Bioinformatics Algorithms (CSCI6802/CSCI4181)

This course focuses on teaching the underlying algorithms behind commonly used computational and statistical approaches for analysing biological data. The majority of material focuses on biological sequence data and includes modules on homology (comparing sequences), assembly (recovering genomes from sequencing data), phylogenetics (inferring evolutionary relationships), and machine learning (applying ML to biological data). Students get hands-on experience via 4 practical assignments and given experience reading and critiquing active research literature via a capstone assignment.

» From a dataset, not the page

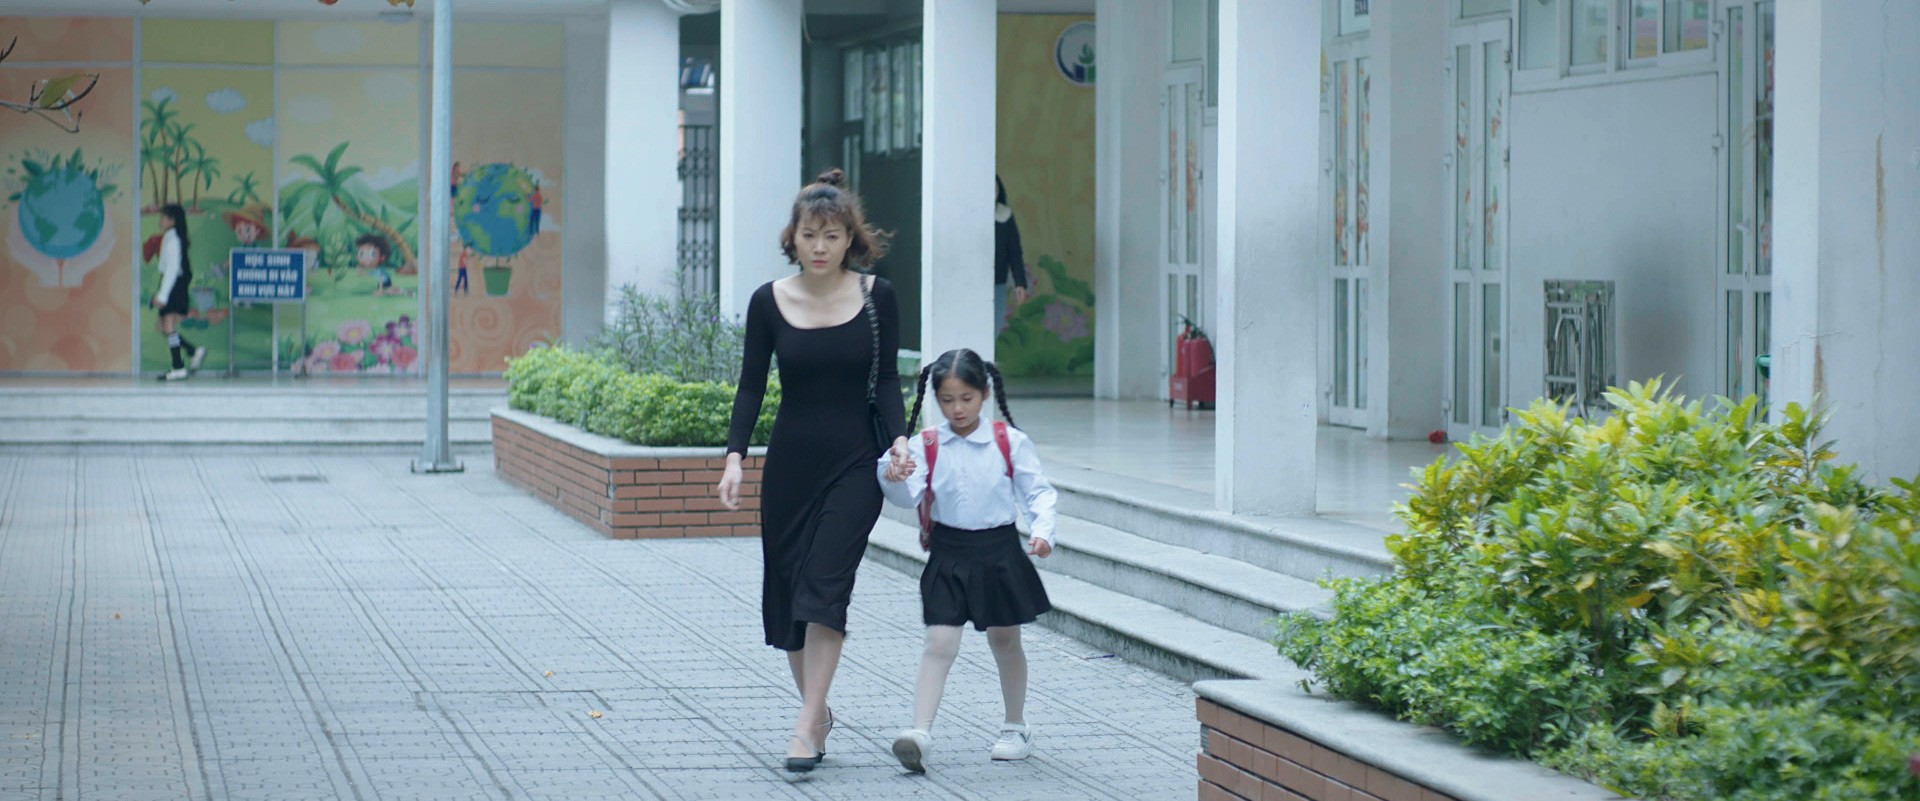 Thanh Hương trong vai Khanh của phim "Người một nhà" lên sóng tối thứ 5, 6 hàng tuần trên VTV3 từ ngày 28/3

This course was originally created by Robert Beiko It is a graduate course for CS or life sciences (or similar) students that is open to advanced undergraduates as a final year elective.

Professional Competencies 1 (MED1)

This is a core course offered throughout the 1st year of medical school at Dalhousie. Professional competencies includes a weekly two-hour tutorial followed by a one-hour large group session. This unit provides medical students with the opportunity to integrate their biomedical and clinical learning within the context of patient care from a professional, community and life-long learner perspective.

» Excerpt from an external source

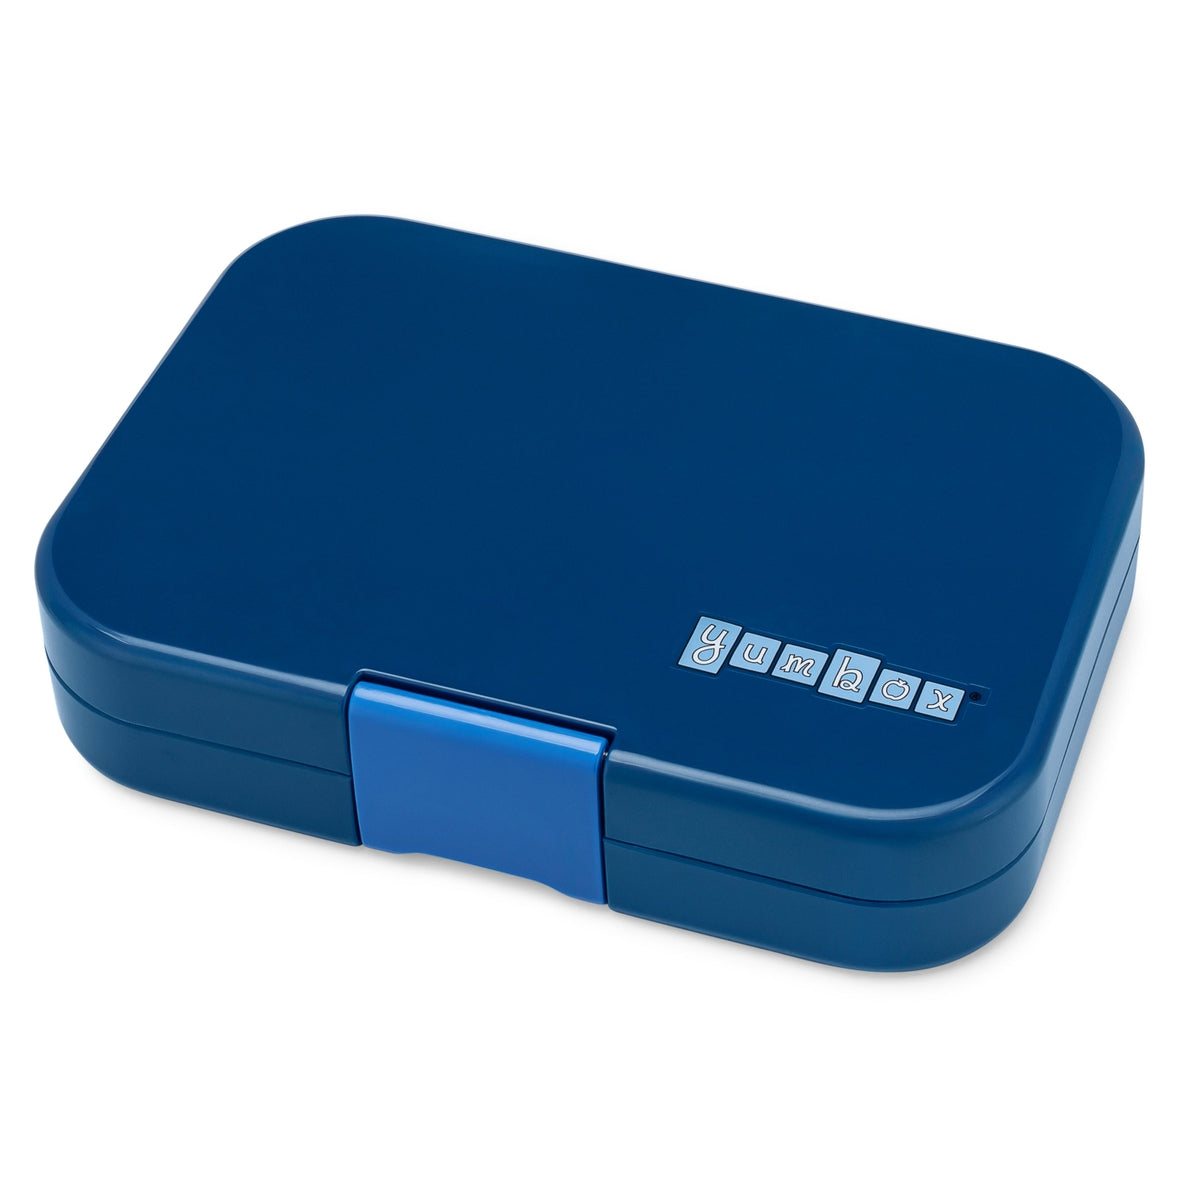 Leakproof Sandwich Friendly Bento Box - Monte Carlo Blue

Content includes public health and infectious disease management in the community, end-of-life decision-making and other ethical challenges, patient safety and other system and quality improvement approaches, social accountability and global health, physician wellness and career paths, and the Health Mentors Program.

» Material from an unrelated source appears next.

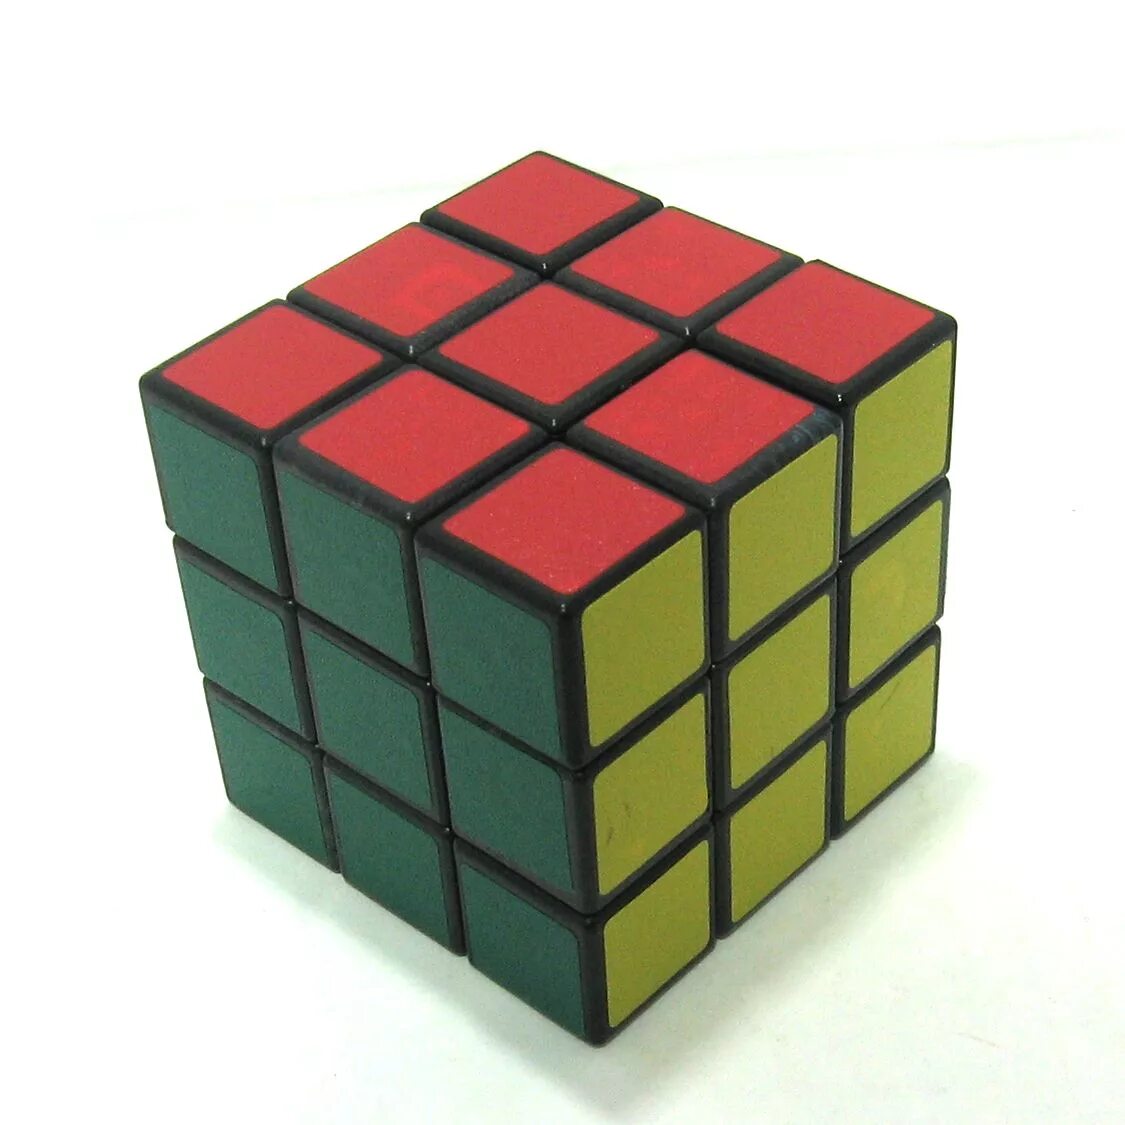 Цвета рубика. Кубик Рубика 3на3 мини 1см. Кубик Рубика 3 на 3. Кубик-Рубика 3х3 цвета сторон. Большой кубик Рубика 3х3 30см.

Key concepts come from population health, epidemiology, ethics, law, informatics, health policy and the humanities. The unit is highly applied and case-based, and closely integrated with the other Med 1 units through shared cases and topics.

Probability and Statistics for CS (CSCI2360)

Originally developed by Thomas Trappenberg and is an undergraduate course offered within the Faculty of Computer Science.

This course is an introduction to probability theory and statistics with applications to computer science, in particular to data science and experimental CS. Students will be introduced to the idea of random numbers and the formal language of reasoning with uncertainty as well as with the basic tools and an outlook of advanced tool for experimental investigations in computer science such as HCI. What is a random number, probability mass and density functions, data analytics, probabilistic reasoning, basic hypothesis testing, sample size estimation, and inter-rater reliability. Applications and relevance of these concepts in computer science will be emphasized.

Genomic Medicine (6XXX/4XXX)

This course is still under developement but will be a broad introduction to the ways in which genomic data is used in medicine. This encompasses infectious disease genomic epidemiology and topics in human genomics (such as genome-wide assocation studies).

This course is offered jointly to the graduate students across the Faculty of Medicine (and listed within Community Health & Epidemiology) and the Faculty of Computer Science.

It will also be open to advanced undergraduates as a final year elective.

Other Courses

MicroResearch

This is a workshop that provides multidisciplinary research training and hands-on mentorship for the development of pilot health research projects. The aim of this workshop is to bring together diverse individuals with limited prior research experience and help them develop the capacity to ask their own research questions. The initiative then provides funding to enact small/pilot projects emerging from these proposals.

More details about MicroResearch can be found here

CBW: Infectious Disease Genomic Epidemiology

This is a workshop as part of the Canadian Bioinformatics Workshop series It is a 3-day course that provides an introduction to genomic epidemiology analysis and hands-on practical tutorials demonstrating the use selected analysis tools. The tutorials are designed as self-contained units that include example data and detailed instructions for installation of all required bioinformatics tools or access to publicly available web applications.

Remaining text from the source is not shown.